However, with Furian we are delivering a step-change in performance efficiency, thanks to an architecture that is designed to meet the evolving needs of the market – moving from mobile gaming to VR and AR headsets, from 1080p to 4K with HDR, from photography to next-gen computer vision CNN applications and from running basic infotainment systems in cars to having a crucial role in ADAS functions for autonomous vehicles.
Furian has great features that make it a compelling option for the automotive space, and we’ll be addressing those in a future post. Here though we’ll be focusing on gaming and on some of the specific enhancements that have been made to enable it to push the boundaries of gaming, AR and VR performance.
Furian’s architectural changes
Before we talk about the new Series8XT GT8525 IP core based on Furian let’s look at some key internal Furian architectural improvements.
Just in case there was any doubt, Furian is built on long-standing technologies for which PowerVR has earned its leading-edge reputation. The first is tile-based deferred rendering (TBDR) where we only render what will be seen on screen, offering an inherent advantage over more wasteful architectures that internally render pixels that will never be seen on screen.
The second is that we also have PVRIC3 (PowerVR Image Compression 3). First introduced with our Rogue architecture, PVRIC is our lossless image compression format that typically has a 2:1 compression ratio with no loss of quality and continues to be a critical bandwidth-saving element of our newest architecture.

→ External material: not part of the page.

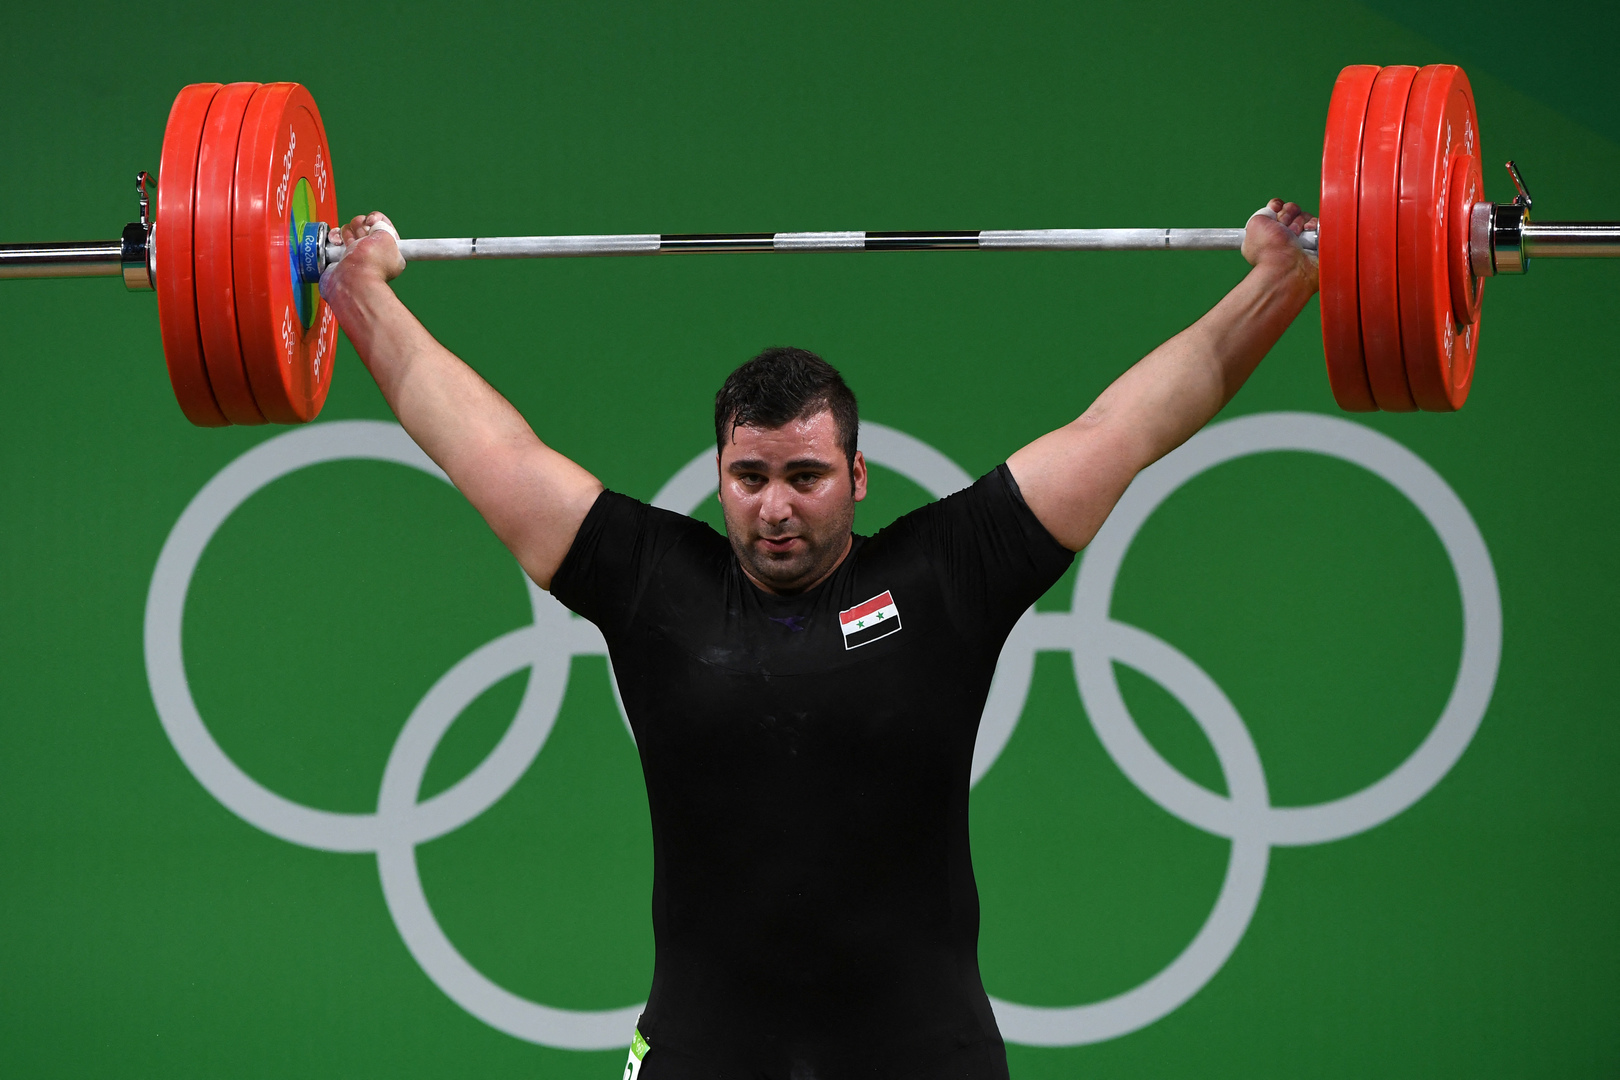 أولمبياد طوكيو.. أحلام سورية في كسر حاجز الميداليات الثلاث

Simplified and more scalable
What’s crucial about Furian is that it’s designed for scalability. Where the Rogue architecture was very successful with real-world implementations of up to 12 shader clusters, beyond this it could potentially fall prey to overlong signal paths and congested routing. With Furian, the block layout has been altered in order to shorten the signal paths, making for more efficient internal communication and making it easier to increase cluster counts without having to worry about their effect on efficiency. While our approach at Imagination is process-node agnostic, this approach of shortening signal paths ensures the GPU scales well at sub-14nm manufacturing process nodes, with 7nm starting to be adopted at the cutting-edge.

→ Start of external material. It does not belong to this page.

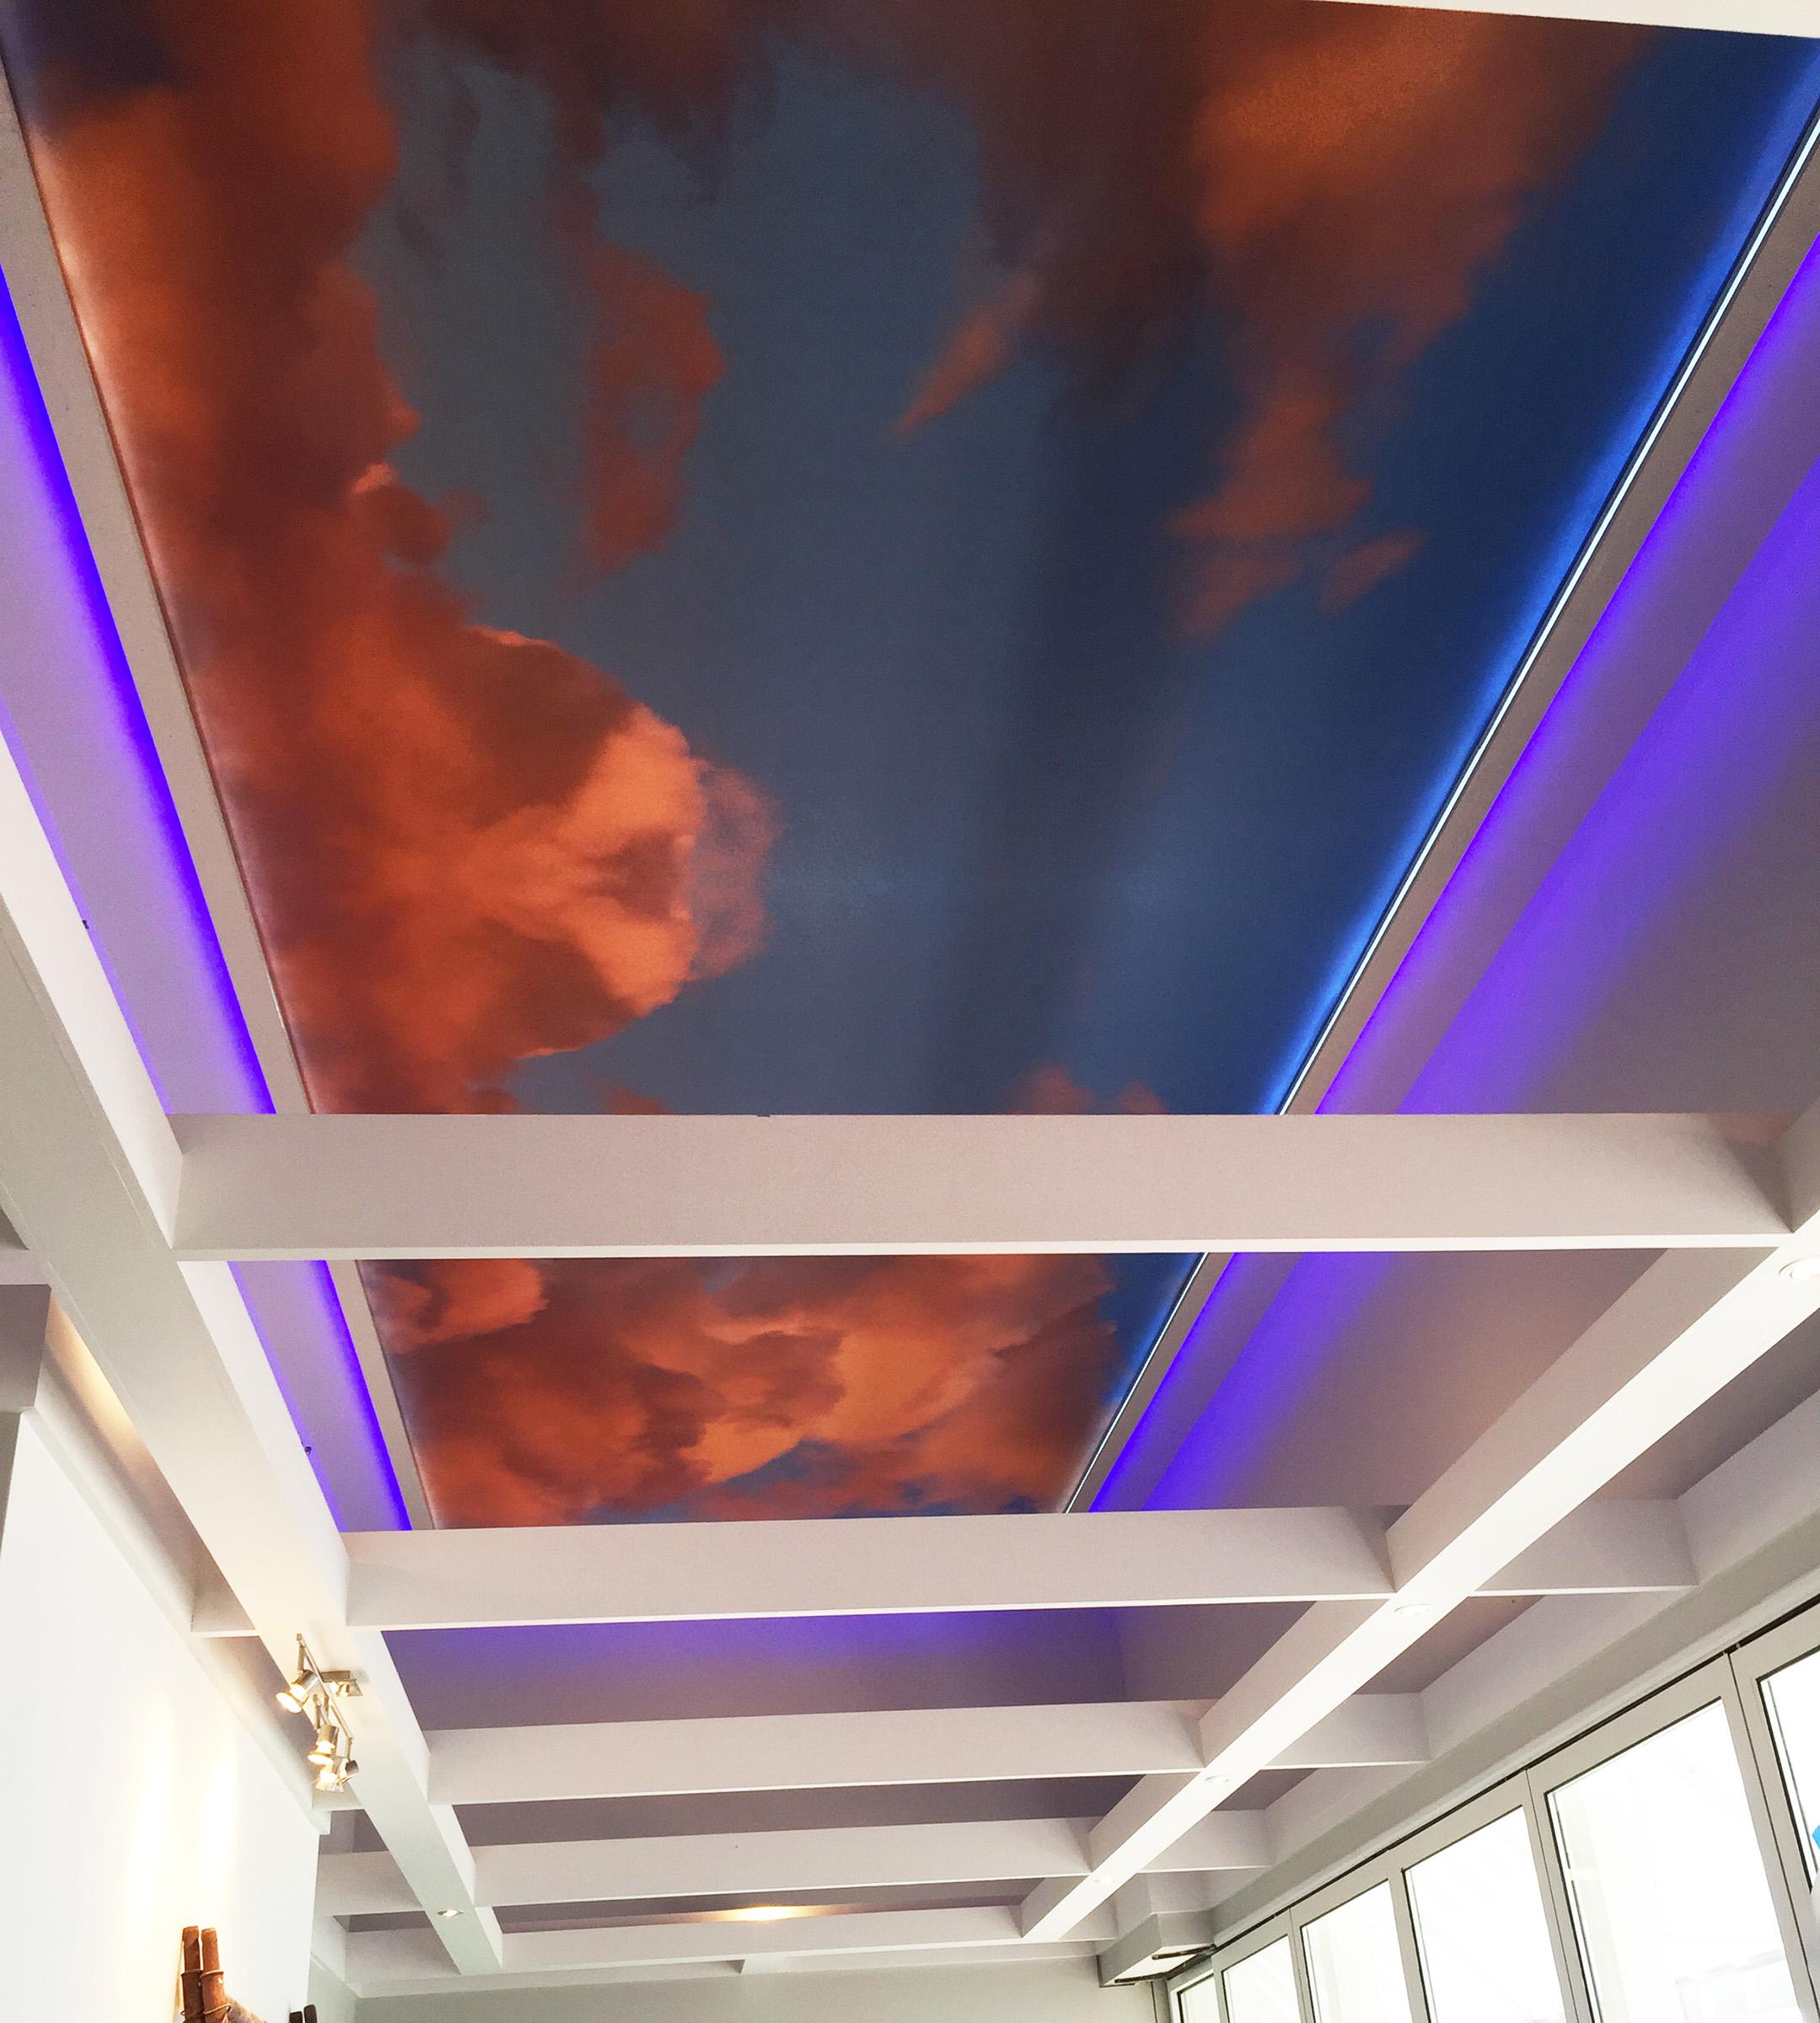 LED LIT SKY MURAL CEILING

When it comes to scaling up, moving from one Shader Processing Unit (SPU) to two now merely requires the second cluster to be placed down as a mirror image of the first, with the main block repeated, and the system block growing slightly to accommodate it. A three SPU layout would simply add a copy of the first SPU, while a four-SPU would be a mirror image of the two-SPU layout.
We also scale intelligently. Rather just adding an entire additional core to increase performance, only the required blocks are added, ensuring the most efficient use of expensive silicon area.

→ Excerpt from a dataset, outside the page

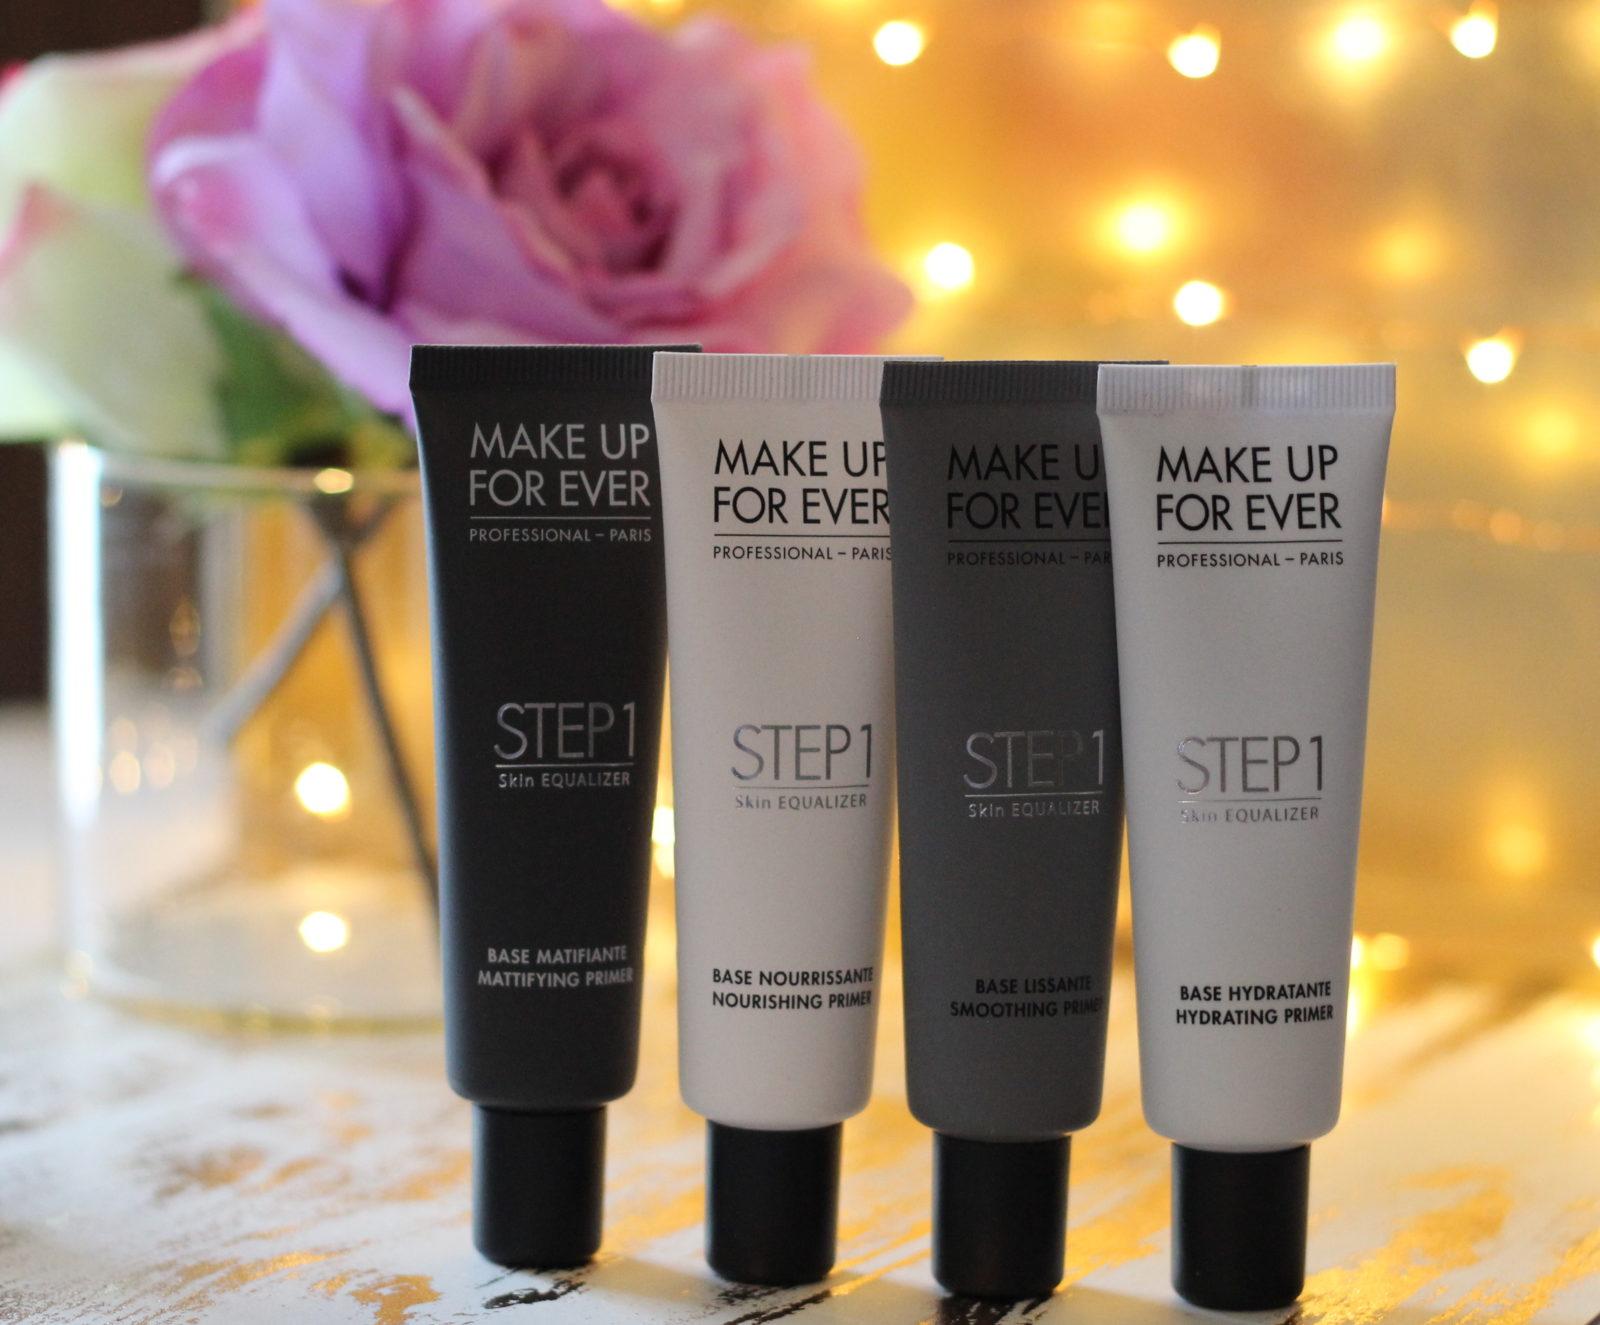 Makeup Forever Step 1 Primers

A look at a block diagram for Furian reveals that the texture unit now has its own cache ensuring that it doesn’t have to compete for access with the Unified Shading Clusters (USCs) for access to the main data cache – boosting power efficiency.
The 2D Data Master and the Compute Data Master are also now fully asynchronous enabling graphics and computer workloads to be worked on at the same time. This will deliver a real-world improvement in AR – where compute could be used for vision processing, while also maintaining fast frame rates for in-game characters.
Another enhancement is that the 2D Data Master can now also talk to parts of the Shader Processing unit directly while bypassing any tiling work, making it much more efficient for things such texture uploads, MIPMap Gen and simple UI BLITs. What does this mean? Essentially it means that fewer blocks are active, which helps to reduce power consumption.
Wider and faster pipelines
A major enhancement are the changes that have been made to the primary ALU pipeline. First, this has doubled in width from 16 to 32 pipelines – delivering higher ALU throughput efficiency with minimal silicon area. In Rogue, the pipelines contained two Multiply Adds (MADs). However, after close analysis of how shaders were actually being used in practice, it became apparent that these two MADs were rarely being fully utilised, as using two together proved difficult due to data dependencies and versus the target algorithms of the shaders/kernels. Therefore, with Furian we instead implemented a MAD and a MUL, which offers more performance in the real world, while requiring approximately the same area as the two MADs present in Rogue. And in scenarios where two MAD operations are actually required, Furian’s double-width pipeline enables it to match Rogue’s performance, so in that sense, nothing has been lost over the previous approach.
The changes don’t end there, with other improvements that improve internal efficiency. First, the workload submissions from the GPU driver to the GPU now no longer have to go through the Linux kernel module; they can now communicate directly from user space, reducing overhead and latency. Secondly, local memory addressing is now optimised for the multi-threaded GPU execution, so each ALU pipeline can directly address local memory, which improves scatter access efficiency for many compute algorithms. The first fruit of all these architectural tweaks in Furian is the first released licensable IP in the form of the two-cluster design PowerVR Series8XT GT8525.
The Series8XT GT8525 offers the following improvements over the previous generation Series7XT Plus:
- 100% fill-rate per clock increase
- Double the pixels per clock (PPC) throughput to 8PPC, compared with 4PPC for the Series7XT Plus, catering for higher resolution displays and additional performance for previously fill-rate limited use cases
- 50% more FLOPS per clock
- More efficiently accessible GFLOPs, enabling easier exploitation of the cores full potential for graphics and compute usage cases
- 66% performance density improvement in GT8525 (2 cluster) compared to the GT7400 Plus (4 cluster)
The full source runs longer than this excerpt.